Acclimating these puffers to a different salinity is easy; the tricky bit is doing the filter bacteria.
Remember, these euryhaline, brackish water fish naturally swim between high and low salinity several times per day. The idea they need days or weeks to acclimatise is a myth. If it were true, every time the tide changed, estuary-dwelling fish would die!
In practical terms, I've been able to move, for example, black mollies from marine to fresh water in 2 or 3 hours. Schaefer, in the Aqualog brackish book, even says you can take scats from freshwater and dump them straight into marine!
The one thing that rarely works is taking fish adapted to marine water down to pure freshwater very quickly; mollies are okay, but scats, monos, etc., usually take exception. But going in the other direction, from fresh to salt can usually be done as fast as you want. Similarly, switching the salinity rapidly between marine and, say, 25% seawater (SG 1.005) can be done quickly, as well.
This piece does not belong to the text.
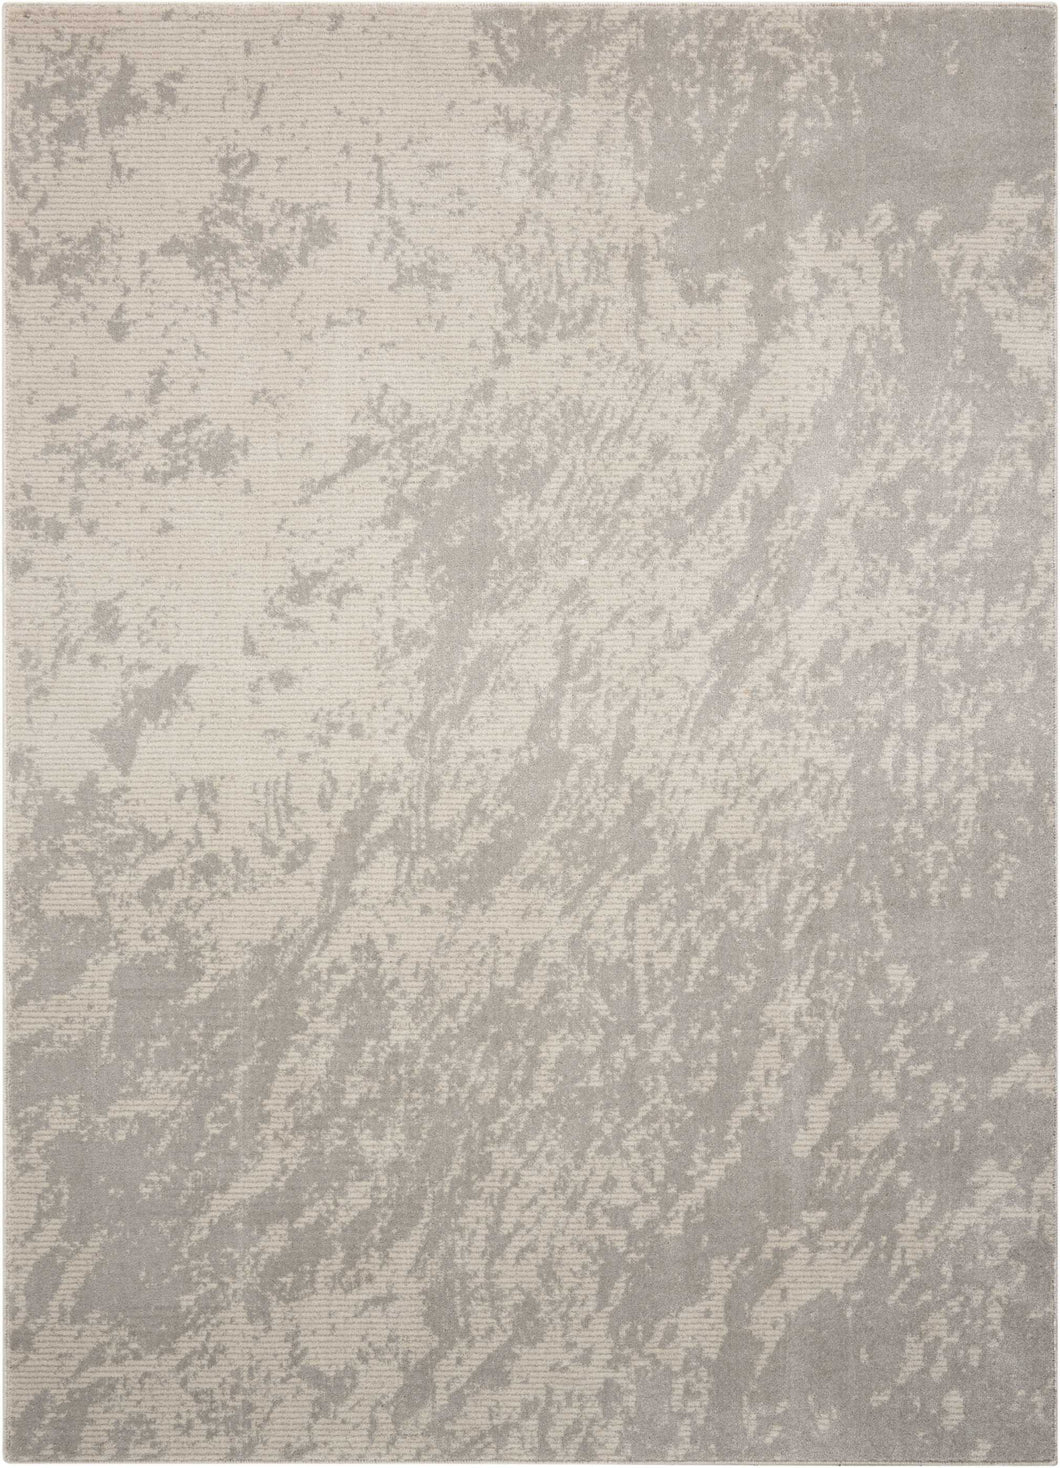 Nourison Maxell MAE12 Grey and White 5'x7' Area Rug MAE12 Ivory/Grey

The simplest thing to do would be to set up the aquarium at some moderate salinity, e.g. SG 1.010. Then buy your puffer, and place it in a large bucket with an airstone. Over the course of the next 2 or 3 hours, replace some of the water in the bucket with water from the aquarium, at a rate of, say, 10% every quarter hour or so. Keep an eye out for stress, and keep the bucket covered so the fish cannot jump out.
If this is too scary for you, then set up the tank at a low salinity, SG 1.005. The puffer should be able to adapt to that at once, and simply floating the bag in the tank with a few holes cut into it (the bag that is, not the fish) should do the trick. I know lots of people object to mixing fish shop water with aquarium water, and they do have a point, so if you prefer, put the puffer in a bucket again and dribble in some fish tank water over the next half hour or so.
The downside to this approach is that as you raise the salinity in the tank, the filter bacteria are going to die, and you're going to have a few weeks while the puffer is exposed to high nitrites.